(TASK ITEM) Please reproduce all the data exactly as written and omit the pictures.

(DATA BLOCK)
□ □ □ □
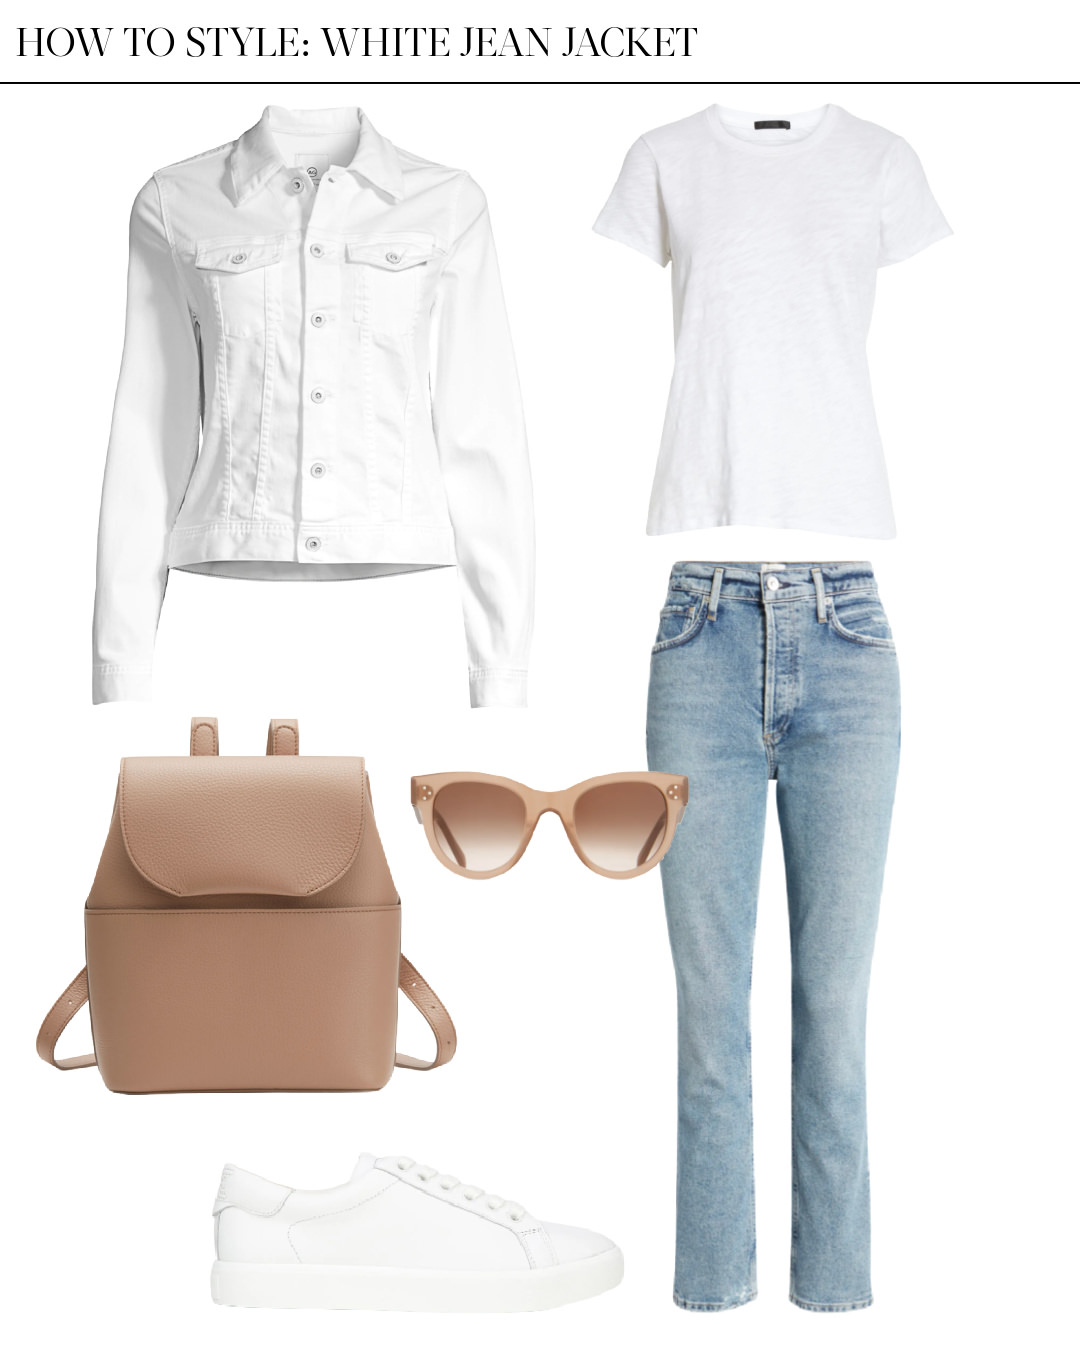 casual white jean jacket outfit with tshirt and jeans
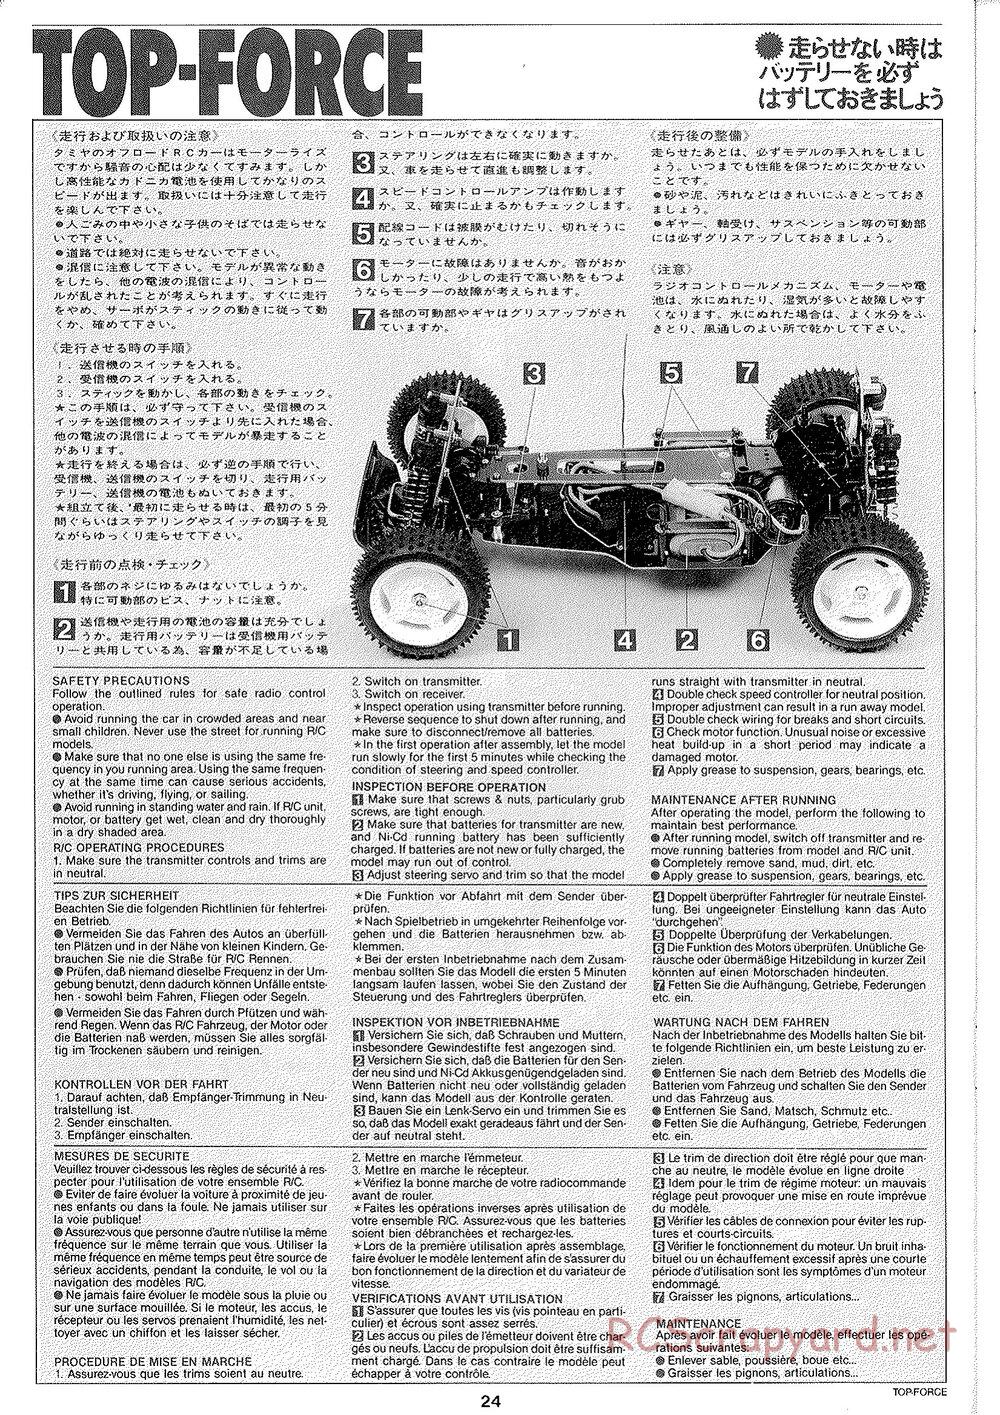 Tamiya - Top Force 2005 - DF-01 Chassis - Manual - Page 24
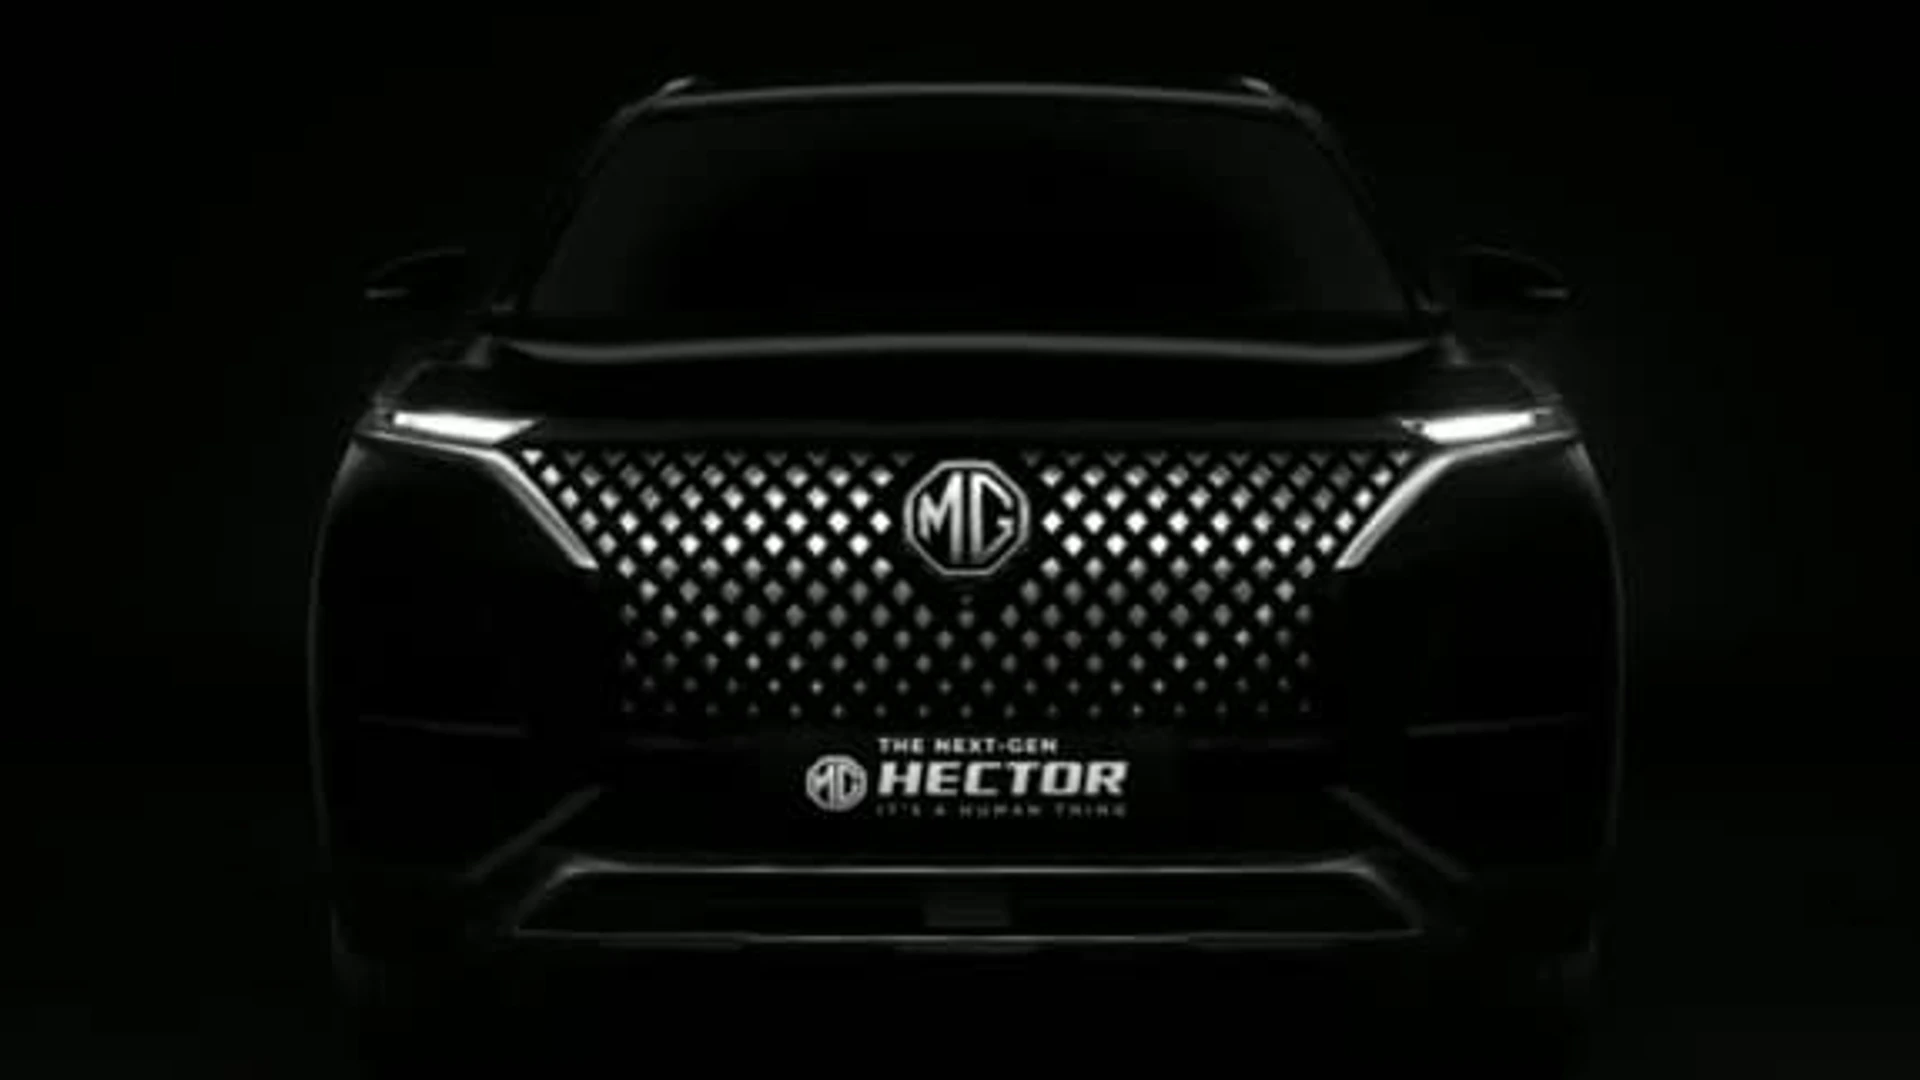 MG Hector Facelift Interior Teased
□ □ □ □
(RESPONSE AREA)
 casual white jean jacket outfit with tshirt and jeans
 Tamiya - Top Force 2005 - DF-01 Chassis - Manual - Page 24
 MG Hector Facelift Interior Teased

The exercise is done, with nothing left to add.